The Air Force has launched a task force to look for, and change, policies or procedures unfairly hurting minorities or other underrepresented airmen.

In a Thursday release, the Air Force said the Diversity and Inclusion Task Force is already putting into place increased ROTC scholarship opportunities for minorities, revised regulations on dress and appearance, produced a new video on unconscious bias training, and lengthened the shaving waivers that are most often used by Black airmen.

The task force is looking for problems that can be solved in the near term, and result in quick improvements to the lives of airmen — particularly minority airmen. It is directed by Brig. Gen. Troy Dunn, the Air Force’s director of military force policy.

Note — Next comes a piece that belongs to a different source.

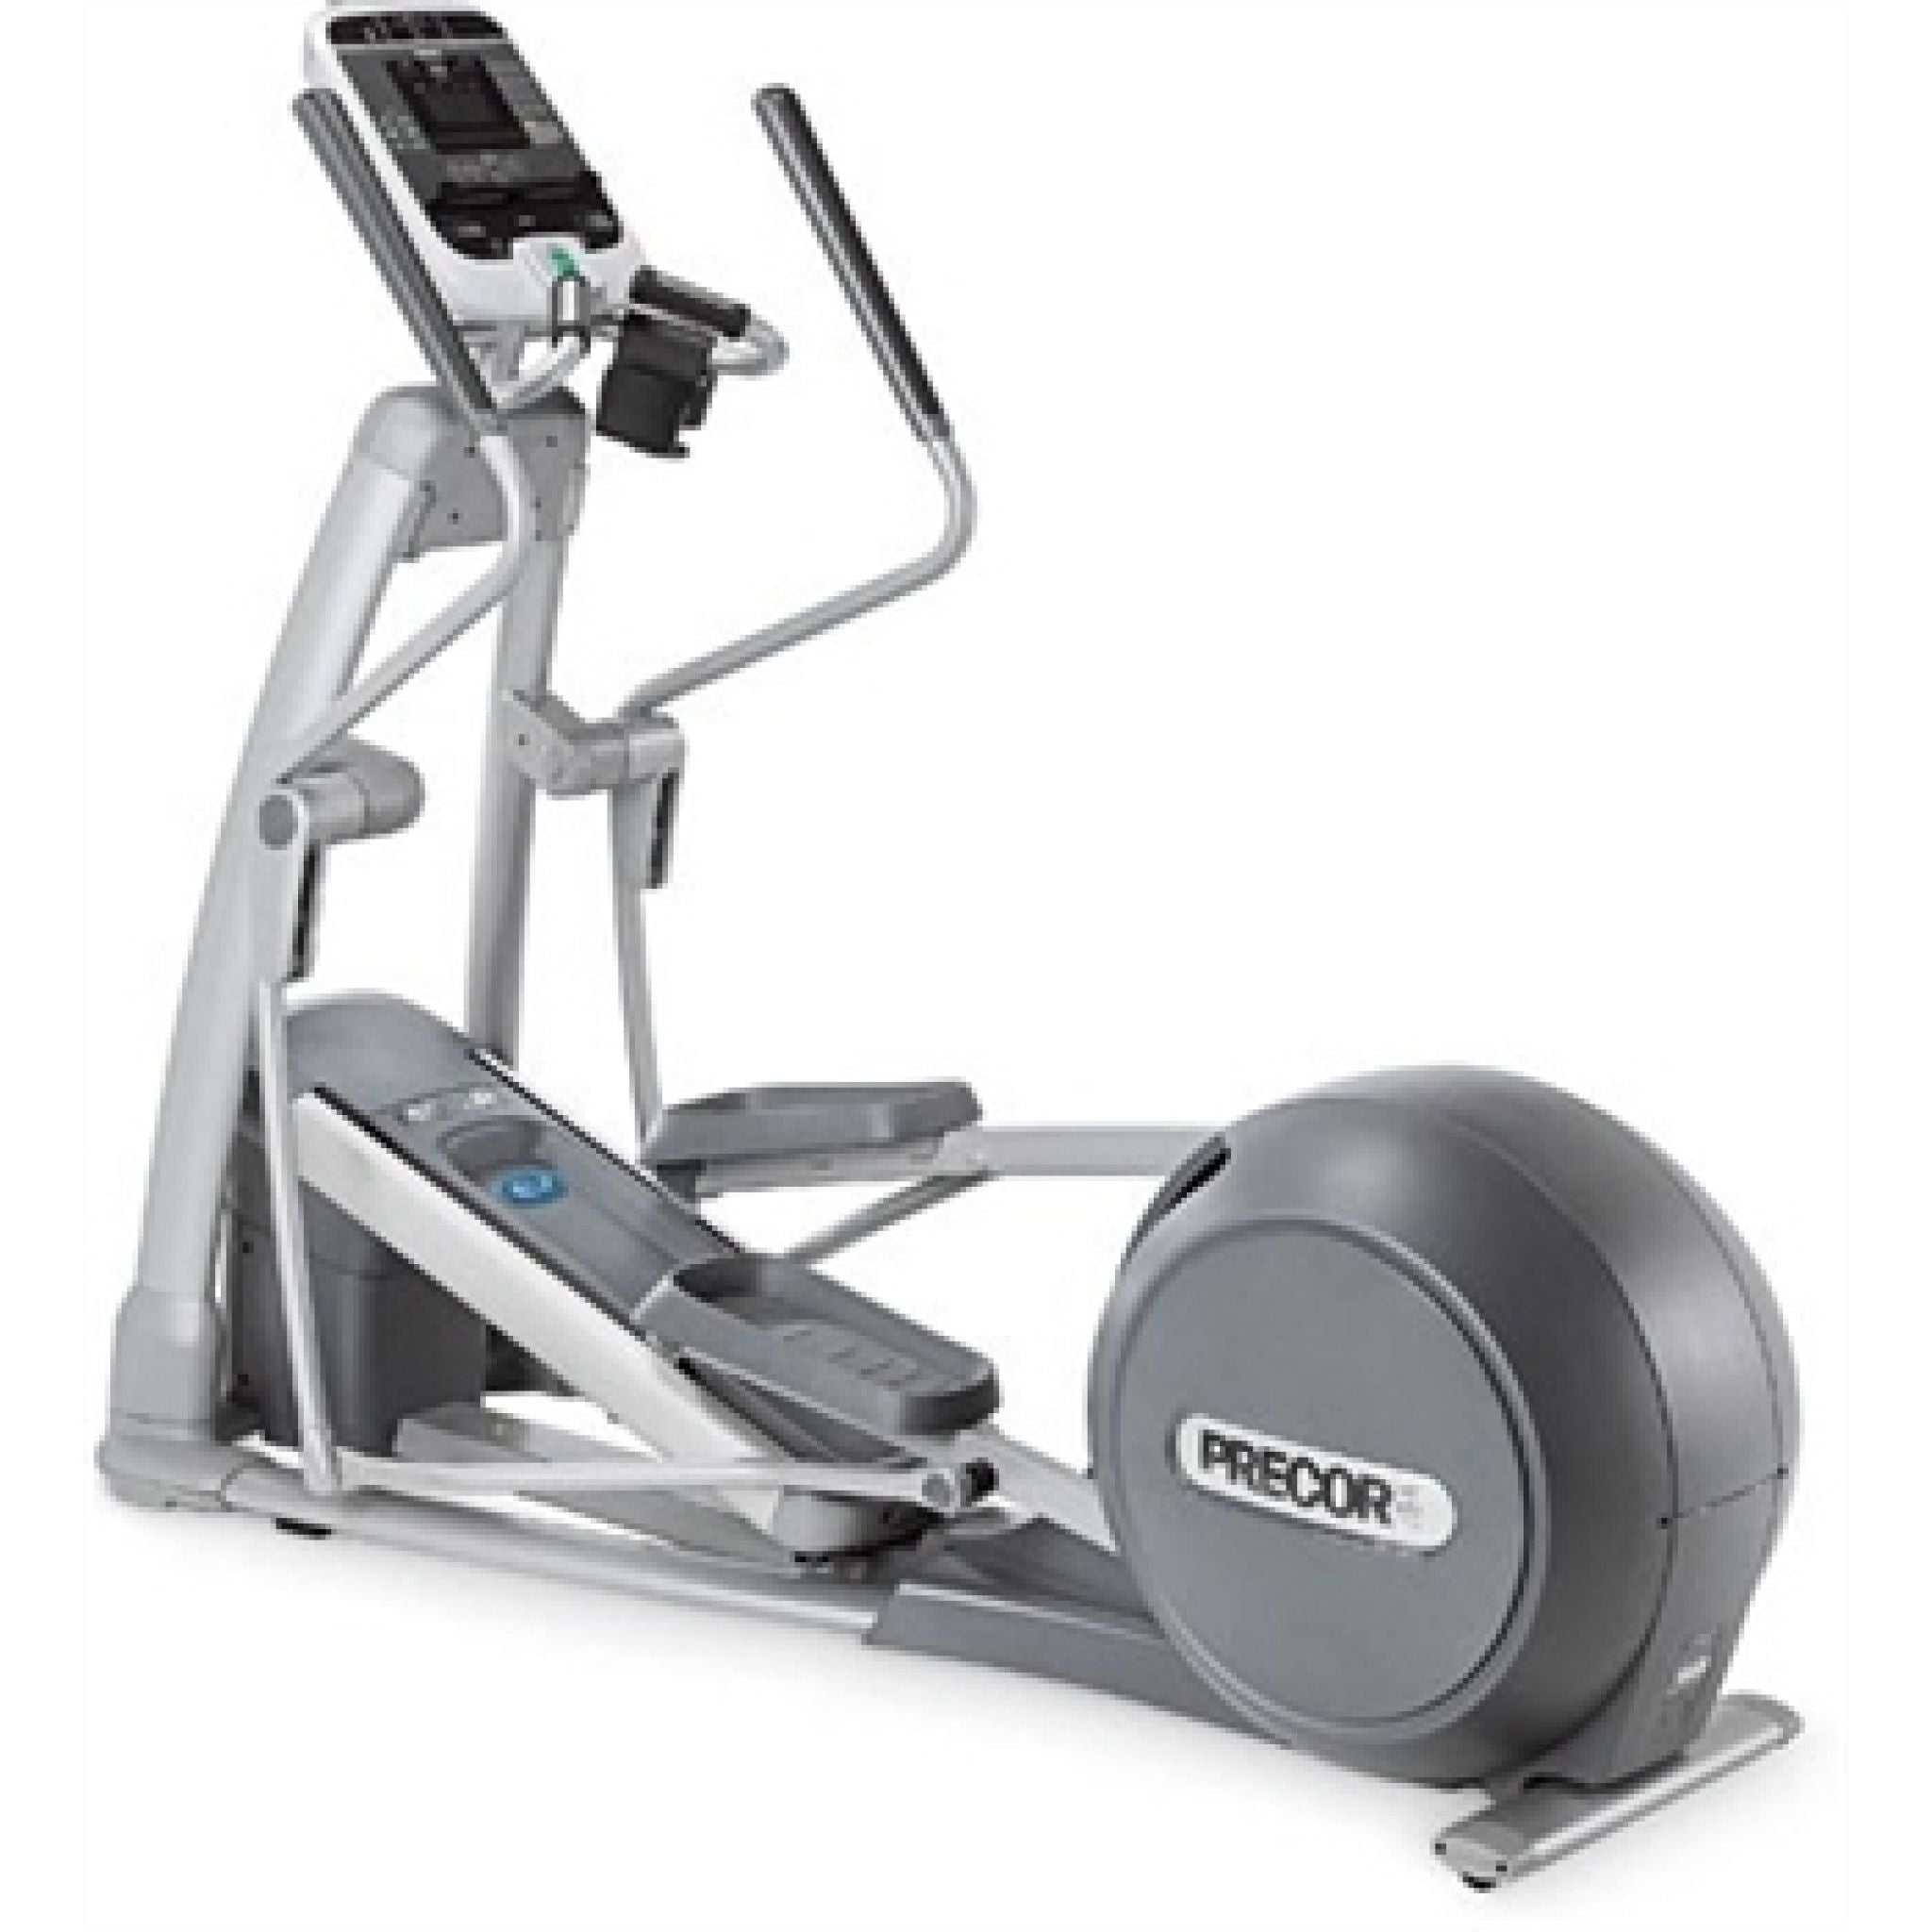 Left side view of the Precor EFX 556i v4 Elliptical with a Cardio Theater TV Screen

The task force was set up June 9, a week after the service ordered its inspector general to review racial imbalances in its justice system and career advancement opportunities, and how they affect Black airmen. The move came in the wake of the death of George Floyd during an arrest by Minneapolis police and the protests that followed

Air Force leadership, including current and future chiefs of staff Gen. Dave Goldfein and Gen. Charles “CQ” Brown and Chief Master Sergeant of the Air Force Kaleth Wright, last month released statements denouncing racism and pledging to improve opportunities for minority airmen.

“Clearly we have to acknowledge our Air and Space Forces are not immune from racism and the challenges of inequity,” Air Force personnel chief Lt. Gen. Brian Kelly said in the release. “As a force that depends on unity, inclusion and a common strength of purpose, we are committed to being better every day until all within our ranks feel a true sense of belonging that allows them to maximize their talents. This is why we stood up the task force, to move out quickly and deliver immediate improvements for our services.”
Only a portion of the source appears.